Thinking of 2001, the first thing that immediately comes to mind is a general slump right from the start, even as early as the spring. This was dragged on by the September 11th events, which put off the recovery that had at first been expected to occur by the end of the year. However, the timely response by the economical and monetary institutions of the main countries of the world certainly helped to counteract these adverse effects. And the strength of the Western economies in general - building on one of the longest times of expansion since the end of the Second World War - then helped to do the rest by restoring the atmosphere of confidence that was needed to forget about the crisis. Thus, the negative phase seems to have been already overcome, even if slowly and with some considerable exceptions. And it now looks like the crisis is one of the least dramatic ones since the end of the Second World War, unless of course other unpredictable events come up and change the picture again.

Overall, 2001 was not a negative year, even if the consequences of some events may still have residual effects, such as the Argentine crisis or the repercussions of the Enron case. Additionally, the continuing crisis of the Middle East could affect oil prices, thus involving not only some macro-economic variables, but also the everyday lives of ordinary people and companies by raising transport and energy prices. In the last quarter of the year, the prices of raw materials generally decreased as a direct consequence of a weakened world demand. But energy costs are prone to be affected by other factors as well, even more so by politics, especially when it comes to oil or to such a delicate area as the Middle East.

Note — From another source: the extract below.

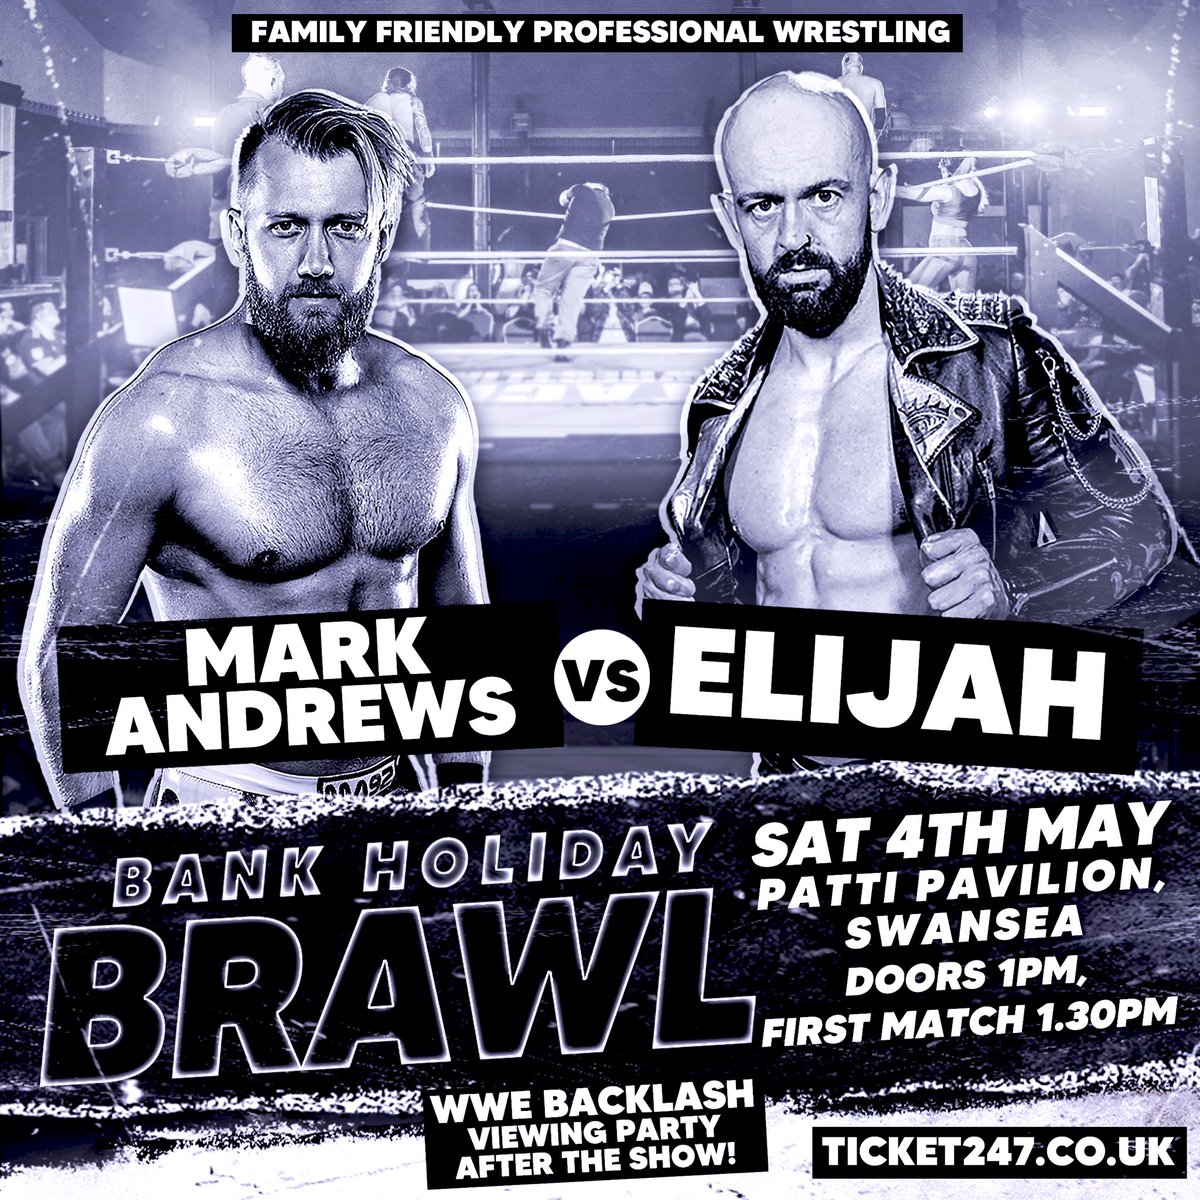 On May 4th in Swansea I go one on one with @ELIJAHWrestler for the first time since 2017! Get tickets now! ⬇️ 🎟️ ticket247.co.uk/Event/bank-hol…

It seems that a decisive role in the recovery is being played by the housing and building industries, especially in the U.S., which still act as propellers for the Western economies and beyond. If the building sector - and the housing sector in particular - remains high, other sideline businesses, such as the stone sector, will also be favorably affected. This, of course, is provided that this building increase does not dwindle away to yet another speculative bubble, as it has always happened over the last few years.

The year 2001 also saw another historical change, of which we cannot fully appreciate yet all the deepest implications. For European countries, 2001 was the last year their currencies were legal tender, being replaced by the Euro on January 1, 2002, and disappearing at the end of a double circulation period, the length of which differed in each country. The impacts of this at an economical level are quite under control; however, the political, cultural and psychological effects will be more deeply felt with the passing of time. A real assessment of the reaction to this change can be made later this year, after a summer of international travel and exchange by Europeans, especially young people. Reflecting back on this exchange at the end of the year, the real side effects can be examined, and it is expected that there will be a growing integration between different countries and peoples, not only monetary or economic ones. At this point, however, we cannot judge the consequences but from a historical perspective.

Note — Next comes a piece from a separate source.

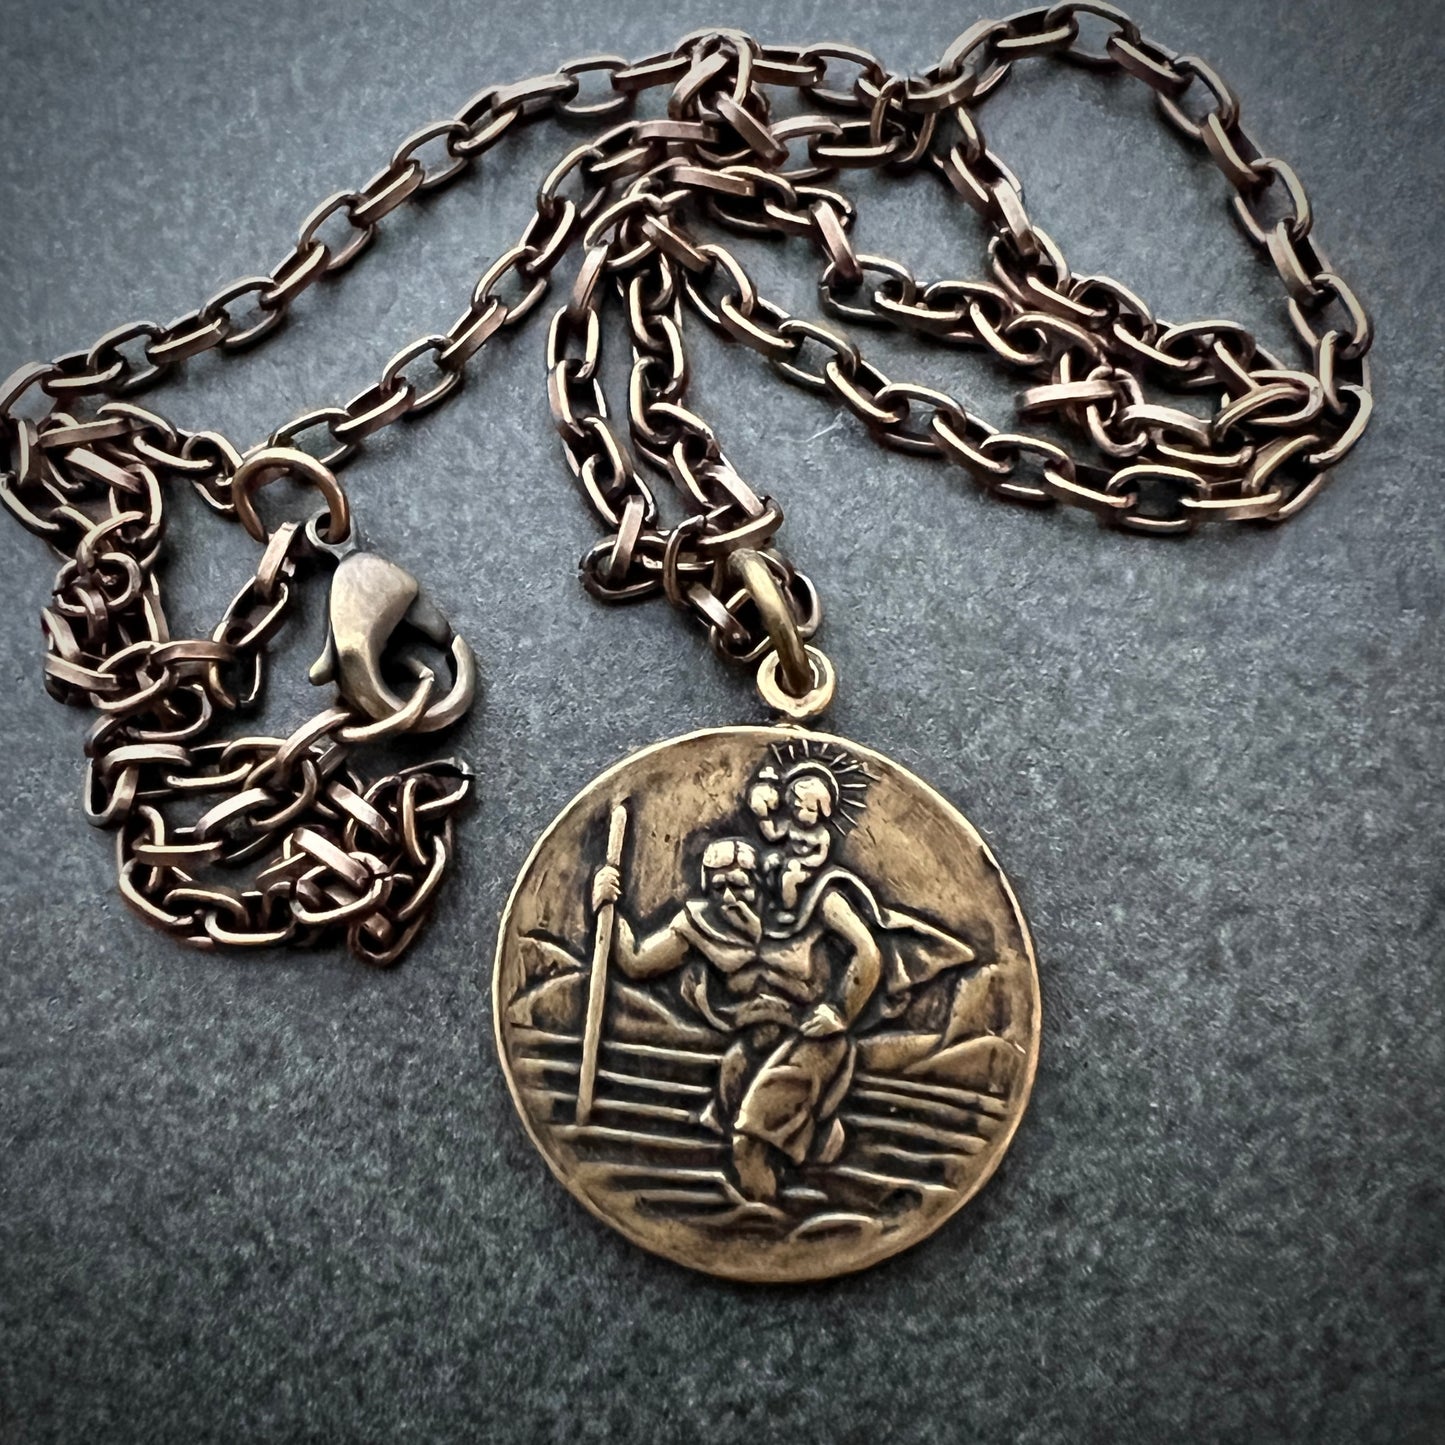 Men's Necklace St. Christopher, Patron of Travelers, Protect Us Talisman, Unisex Jewelry, Vintage Catholic Brass Medal, BR-011

The stone sector in 2001-2002

Internationally, 2001 was generally a positive year for the stone sector in both the quarrying and processing areas, even though the last quarter of the year - with the slump associated to the September 11 attacks and the resulting war - caused international trade volumes to slump. The amounts of quarried materials are increasing, and overall consumption in particular is increasing - in some areas more than in others, with some fluctuations. Yet, if we add up all these trends, the result is still positive compared to past years. This shows that the developing trend - even when it has been slow or tricky

- has never stopped or really fallen back, and that has continued in 2002.

There are producers that have grown remarkably stronger and have gained ground in the international marketplace over the past couple of years, and others have even started to play a more significant role by turning from quarriers of stone materials to producers of slabs, tiles and other finished products. This has sometimes coincided with a remarkable increase in their imported quantities that are, at least in part, re-exported.

The great protagonist has no doubt been China. Although China is no longer a new entry in the stone sector, it can still take its competitors by surprise by looking different every time, and by cutting out a new role for itself in the international stone industry. China astonished everyone with an increase in its quarrying capacity, which has remained the most important and most impressive phenomenon of the last decade. And it is changing its clothes once again in the new millennium, as it has come out as a leader in other stone processing areas, such as marketing and finishing. As such, it has the ability to gain ground in new markets, such as those of the Middle East.

Over the past few years, China started supplying granite - including granite funerary items - to Europe and Germany in particular. These exports were not only Chinese granite, but also granite from other parts of the world. This phenomenon has very clearly extended and expanded, bringing this country to a leading position in the acquisition of materials from all major producers, especially granite from India, Brazil, South Africa and Norway.

Last year, exports of finished stone products from China made deep inroads in the U.S. market, particularly on the West Coast, which is the natural shore of Chinese commercial expansion. China's role has grown in the European Union market as well, and it has even landed in Italy - still somewhat experimentally for the time being.

Still very important are the performances of such countries as Italy, France and Spain, which are still experiencing a relatively favorable period with their products and materials. These have included French limestone and Spanish marble, granite and other stones, which have found an ideal partner in the U.S. market, which knows how to appreciate the characteristics and appearance of these materials and to use them at their best. The same applies to Italian and Portuguese marble, Norwegian granite and marble, and many other stones.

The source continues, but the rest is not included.